Die Vegetation im Hintergrund besteht aus hoch aufragenden Zypressen, die vertikalen Linien folgen und dem Bild eine gewisse Struktur verleihen. Der Himmel ist in warme, orange-rote Töne getaucht, was den Eindruck eines Sonnenuntergangs oder einer Dämmerung erweckt. Diese Farbgebung verstärkt das Gefühl von Vergänglichkeit und Abschied.
Die Anordnung der Elemente deutet auf eine Reflexion über Geschichte und Erinnerung hin. Das griechische Wort Chartas könnte sich auf ein Dokument, einen Vertrag oder eine historische Schrift beziehen, was den Eindruck einer vergangenen Epoche verstärkt.

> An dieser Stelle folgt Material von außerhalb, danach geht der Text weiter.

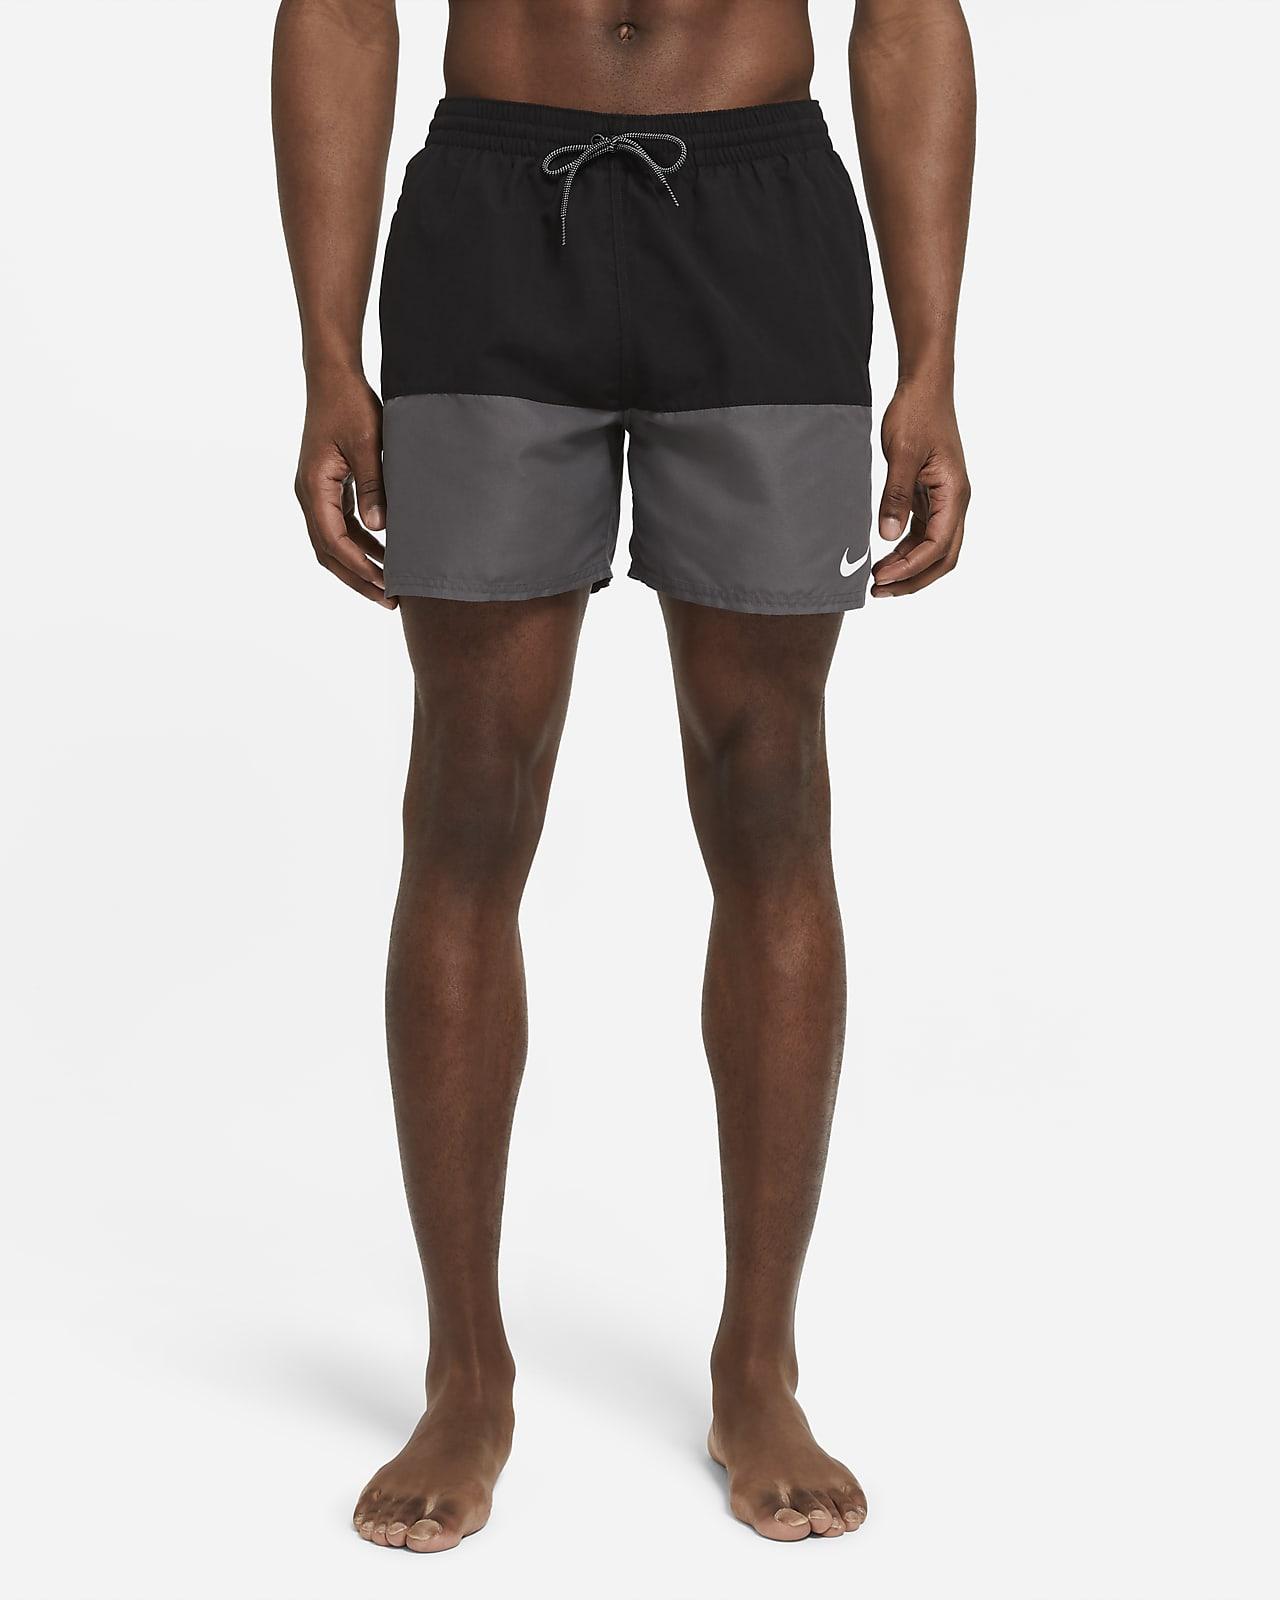 Nike Split Herren-Badeshorts (ca. 12,5 cm)

Der Adler, traditionell ein Symbol für Macht und Freiheit, scheint hier jedoch nicht triumphierend zu sein, sondern eher in einem Zustand der Kontemplation oder sogar Trauer dargestellt.
Die verblühten Blumen im Vordergrund könnten als Metapher für das Vergehen der Zeit und die Vergänglichkeit des Lebens interpretiert werden. Insgesamt erzeugt das Gemälde eine subtile Spannung zwischen Monumentalität und Melancholie, zwischen Erinnerung und Verlust. Es scheint, als ob der Künstler eine Reflexion über die menschliche Existenz und ihre Unausweichlichkeit thematisieren möchte.